Archived Content

The following content is from an older version of this website, and may not display correctly.

The Duqu Trojan has been communicating with a server in one of Belgium’s largest web hosting company, Combell, according to security vendor Symantec.

The server has since been shut down following failed attempts to contact its owner, according to Combell business development manager Tom De Bast who spoke with DatacenterDynamics today. Duqu is similar in nature to Stuxnet and has even been called ‘Son of Stuxnet’, the parent virus being thought by security analysts to be concocted to targeted critical utilities, including nuclear facilitiies running industrial software.

According to security firm Venafi, the code of the malware even appears to be written by an organization with access to the original Stuxnet source code, known for its sophistication.

De Bast said despite the allegations that Duqu was communicating with a server in the data center, no requests to date had been received by legal authorities in Belgium. “We took it on our own part to shut down the server,” De Bast said. “We heard about the Symantec report on 1 November, then two days later, after not hearing from the server’s owner of the police or Belgium Computer investigators which look into these things in Belgium, we shut the server down.”

De Bast said he thought such a case was unusual for a data center such as Combell’s, which caters to the higher end of the web hosting market. “We are not cheap, we are quite expensive, and we don’t have many cloud operations here,” De Bast said.

According to an interview conducted by Reuters, the server had been leased for a week though to October 27 and had been running continuously. A Combell spokesperson was quoted by Reuters as saying: "It looks fishy . . .It's weird.

The mail log itself has almost no entries. I think they are deleting data so they don't leave traces." Duqu explained Symantec said it believes Duqu has infected six companies in countries around the world: one company with operations in France, the Netherlands, Switzerland, Ukraine, another in India, two in Iran and others in Sudan and Vietnam.

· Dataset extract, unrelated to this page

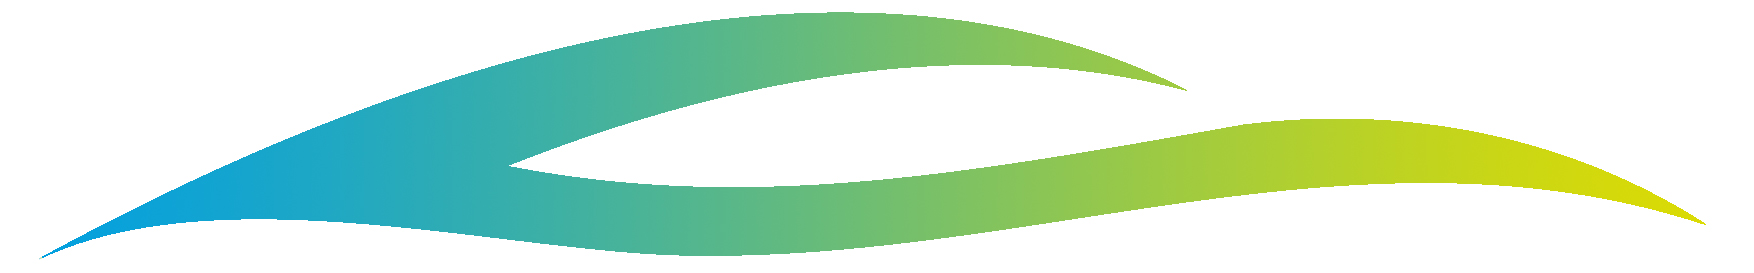 Logotipo iDocCar con fondo blanco

Other vendors say that companies with a presence in Austria, Hungary, Indonesia and the UK could also have been infected. Venafi directer Calum MacLeod said the security industry is facing increasingly targeted virus attacks, such as Duqu, that are becoming much more dangerous in nature. “Duqu is the embodiment of pre-attack strategies leveraged in militaries all around the world: Send in reconnaissance agents, gather intelligence and report back.

This is what this new malware does on an automated basis: gather intelligence data and other digital assets from systems that use industrial control technologies, and then relaying that information back to base,” MacLeod said. Just today, Symantec employee Vikram Thakur said in a blog post that the group that first discovered the original Duqu binaries, CrySyS, located an installer for the Duqu threat, which could hold the key to how Duqu works to infect systems.

“The installer file is a Microsoft Word document (.doc) that exploits a previously unknown kernel vulnerability that allows code execution. We contacted Microsoft regarding the vulnerability and they're working diligently towards issuing a patch and advisory. When the file is opened, malicious code executes and installs the main Duqu binaries,” Thakur said. “Once Duqu is able to get a foothold in an organization through the zero-day exploit, the attackers can command it to spread to other computers. In one organization, evidence was found that showed the attackers commanding Duqu to spread across SMB shares.”